Work instruction:
Keep the text of the data exactly as it is and omit each picture from the copy.

Data:
--------------------
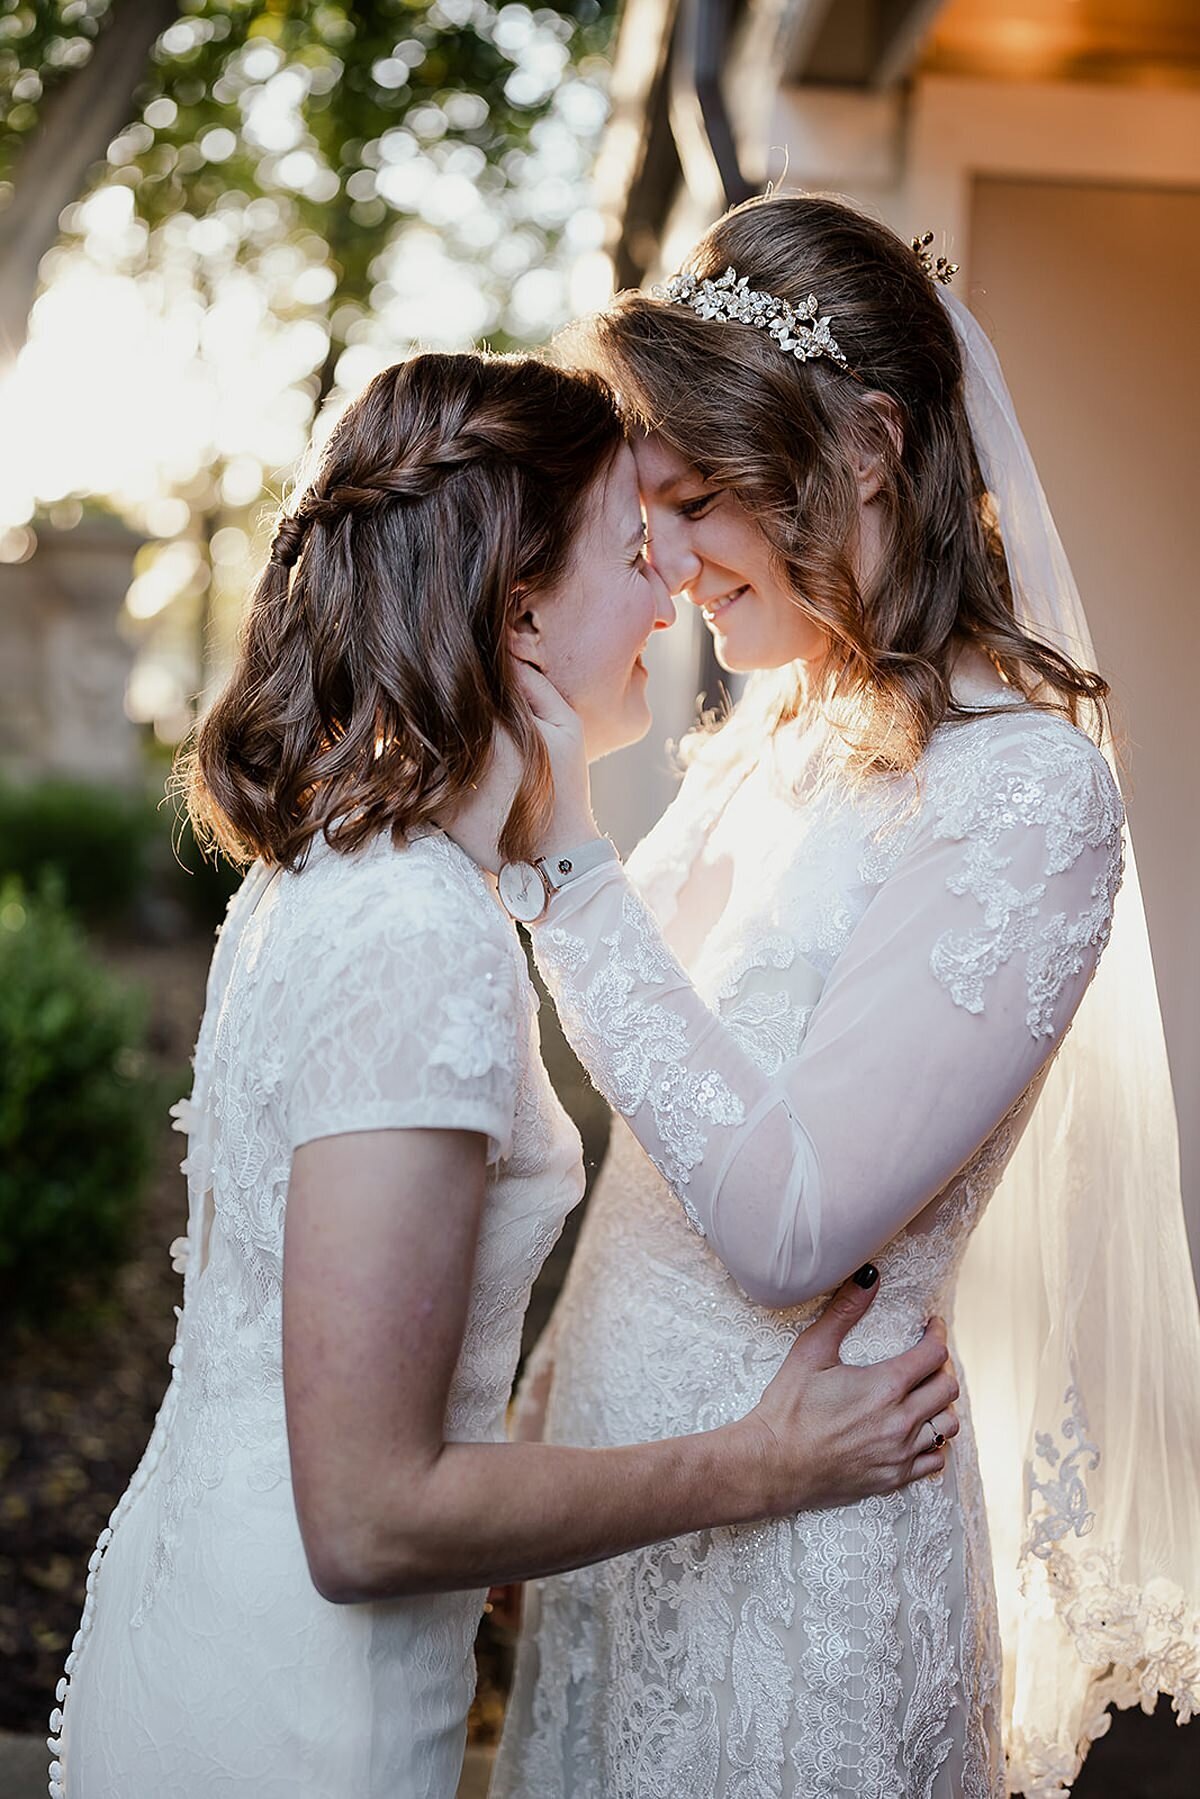 Tall bride wearing a white lace dress, veil and tiara kisses her wife, another bride wearing a short sleeved white lace wedding gown
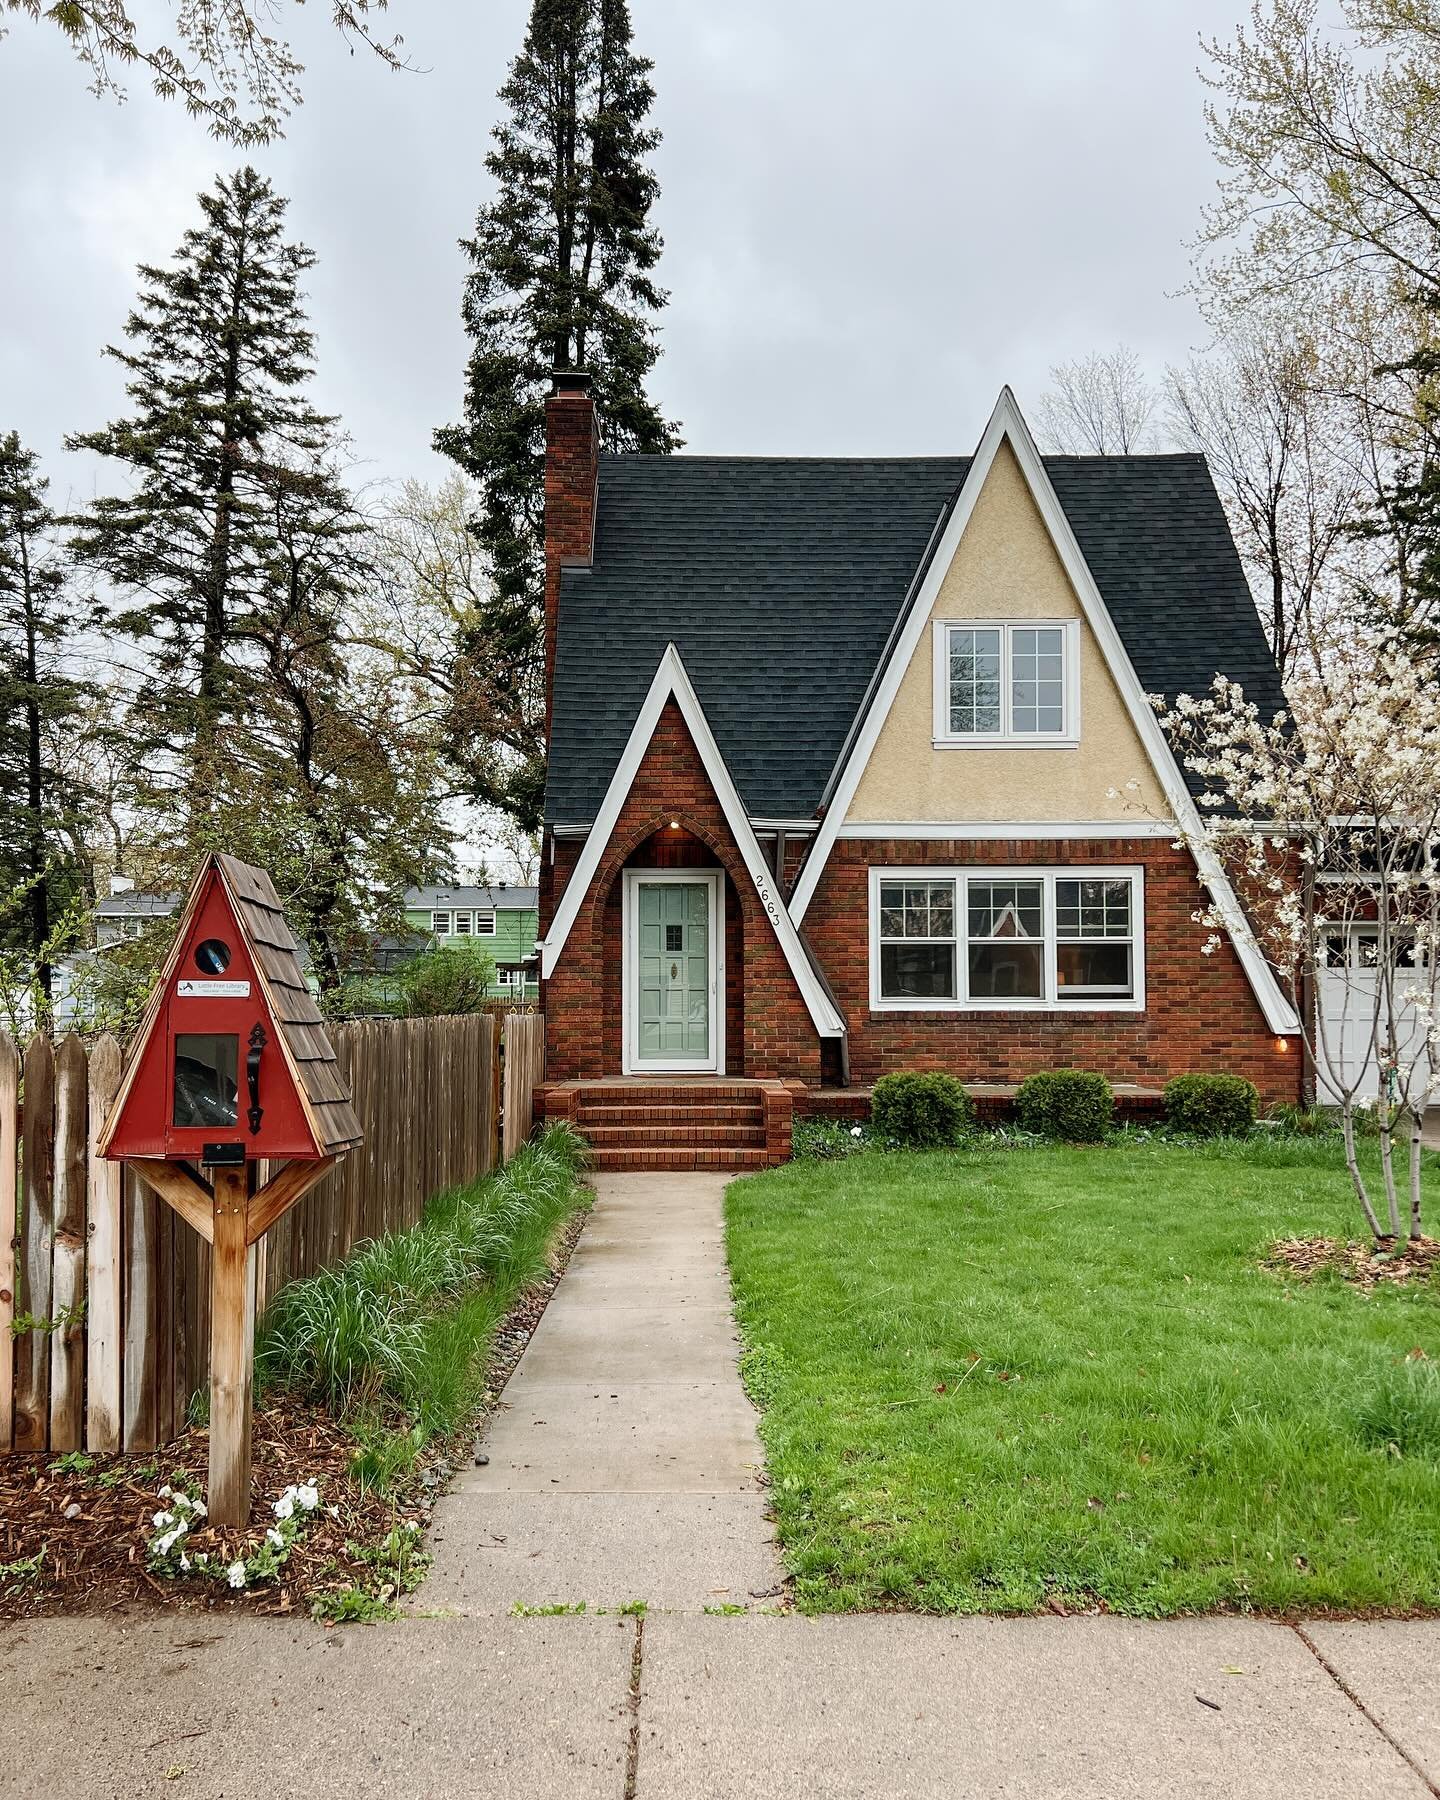 1936 Storybook tudor for sale in North St. Paul. Charming details, oversized lot. One of the cutiest exteriors I&rsquo;ve seen in a while!

Interested in finding your own home to love? Fill out my &lsquo;buy with me&rsquo; contact form in my profile 
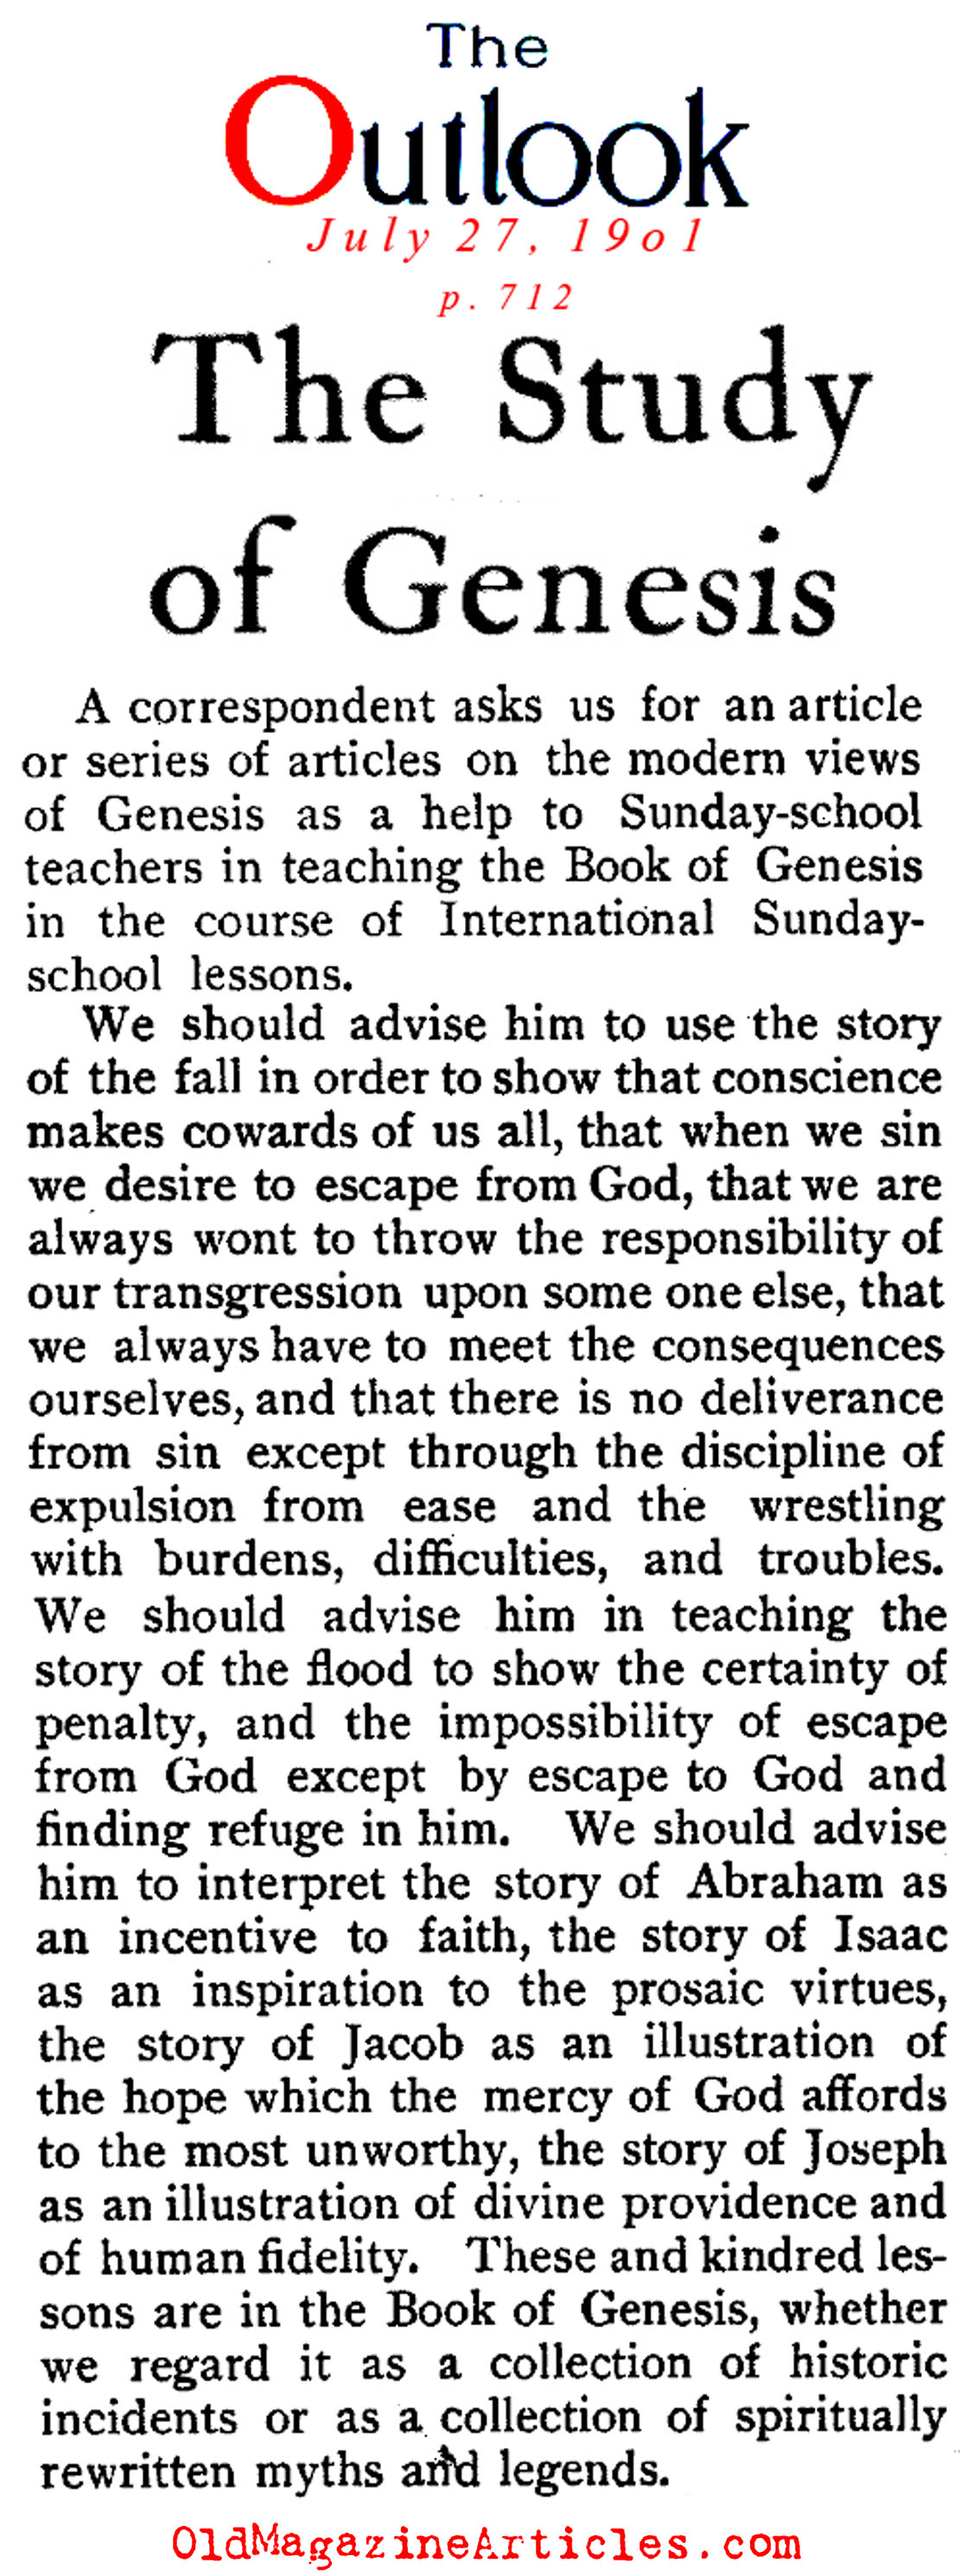 The Study of the Book of Genesis (The Outlook, 1901)
--------------------
Your response:
 Tall bride wearing a white lace dress, veil and tiara kisses her wife, another bride wearing a short sleeved white lace wedding gown
 1936 Storybook tudor for sale in North St. Paul. Charming details, oversized lot. One of the cutiest exteriors I&rsquo;ve seen in a while!

Interested in finding your own home to love? Fill out my &lsquo;buy with me&rsquo; contact form in my profile 
 The Study of the Book of Genesis (The Outlook, 1901)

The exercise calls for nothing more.